In the end, register parking is not very complex (not as much as it seems). The hardware price is a few logic gates that detect the parking addresses to inhibit memory writes. For the software writer, it just means more registers on demand and it can be emulated if the YASEP has no parking hardware. You CAN have R6, R7 or R8 but then you'll have to restrict data access and give up A1/D1, A2/D2 and A3/D3. You make the choice !
The carry flag is a 1-bit register that stores the carry or borrow bit of the last executed ADD or SUB instruction. The carry flag is set when an addition overflows :
.profile YASEP16 MOV 5678h R1 ADD CDEFh R1 R2 ; R2 <- 5678h + CDEFh = 12467h > FFFFh so the carry is set. ADD 1234h R1 R2 ; R2 <- 5678h + 1234h = 68ACh <= FFFFh so the carry is cleared.
This bit can then be tested by a conditional instruction :
ADD 1234h R1 ; R1 <- R1 + 1234h (change the carry bit) ADD 1 R2 CARRY ; IF the carry bit is 1, then add 1 to R2
The SUB opcode is based on the addition so the borrow condition is the same bit as the carry bit of ADD. However, with SUB, the value is negated so the carry bit is set when the substraction did not overflow :
MOV 4 R1 SUB 3 R1 R2 ; R2 = 3 - 4 = -1 ==> carry=0 SUB 4 R1 R2 ; R2 = 4 - 4 = 0 ==> carry=1 SUB 5 R1 R2 ; R2 = 5 - 4 = 1 ==> carry=1
Only the instructions that are flagged as "CHANGE_CARRY" can change the carry bit. Other instructions are CMPU and CMPS: they are similar to SUB but the destination is not written (write is inhibited). The 32-bits adjustment instructions ESH EZH and IH also set or reset this flag to signal an out-of-word access. All the other operations will preserve this bit.
The carry bit can be tested many cycles after the above instructions are executed, even after function calls or returns.
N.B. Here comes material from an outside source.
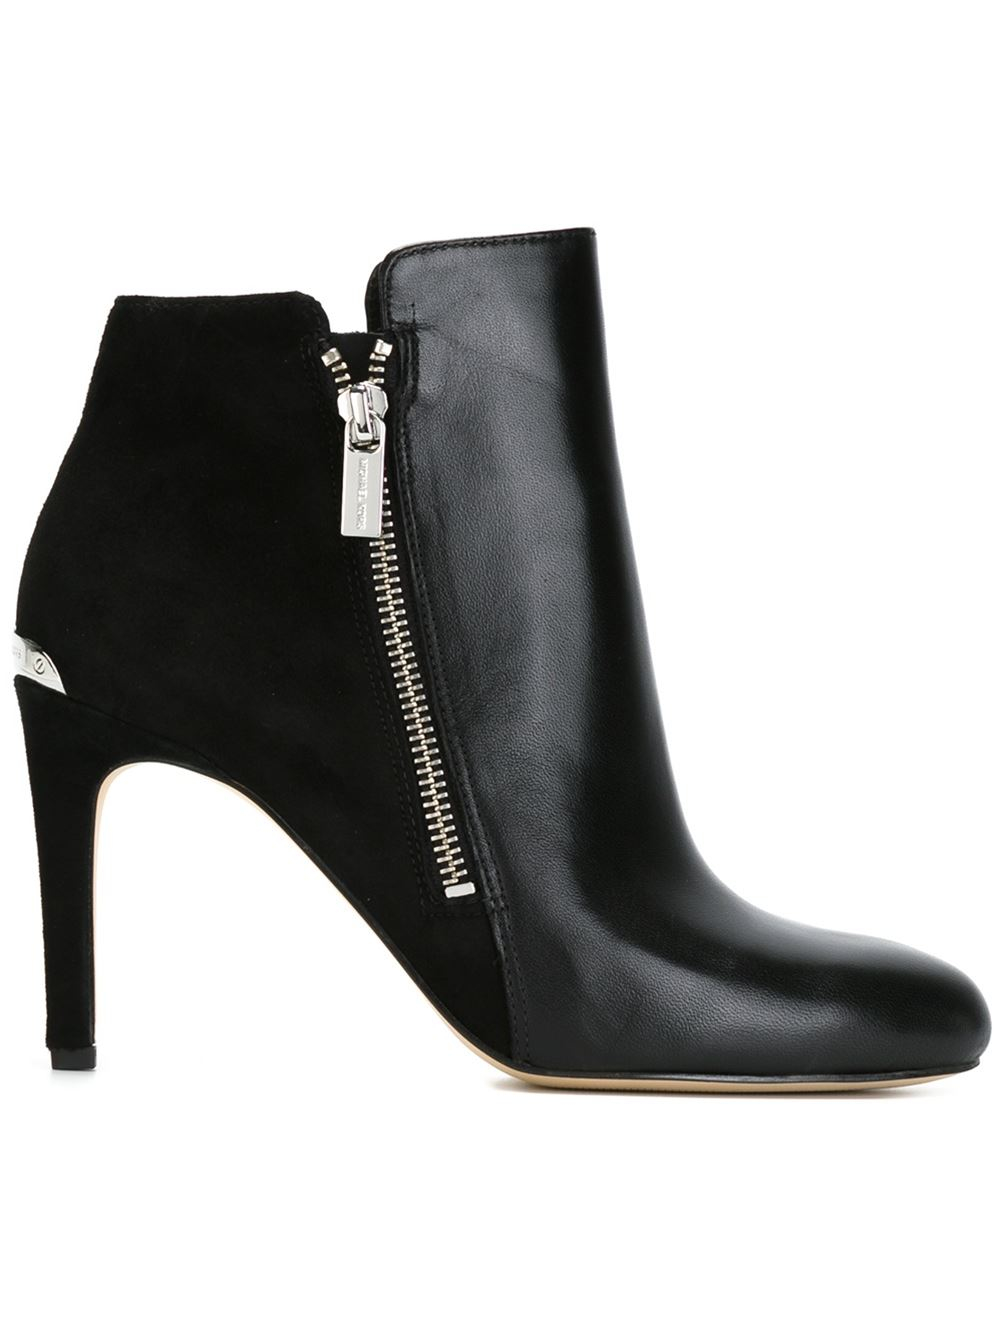 michael michael kors stiletto ankle boots in black lyst. Black Bedroom Furniture Sets. Home Design Ideas
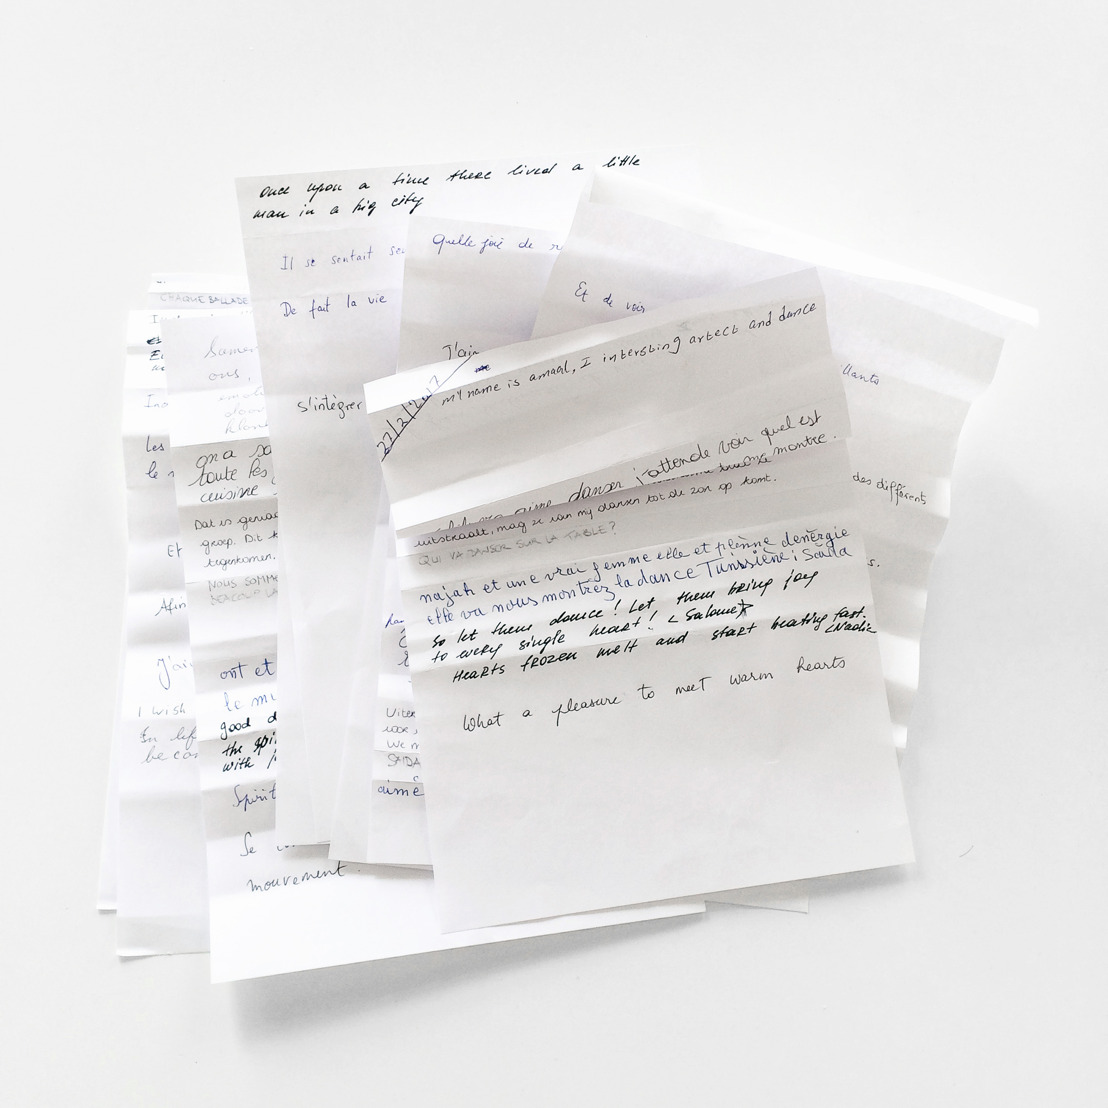 Hana Miletic + Globe Aroma - txt, Is Not Written Plain

The best way to clear or set the carry flag is to cleverly use the CMPU/CMPS instructions with operands that will affect the carry flag in a deterministic way :
; clear the carry flag : CMPU R1, R1 ; R1 equals R1 so the carry can't be set. ; set the flag : CMPU 0, PC ; PC is (almost) always >0 so the carry is set.
Similar to the precedent carry flag, this second 1-bit register is updated by looking at the result of the few opcodes flagged with CHANGE_ZERO.
It may look a bit redundant with the "register zero" condition, because any register can be tested for having all the bits cleared. However some instructions don't write the results of computations: CMPU/CMPS.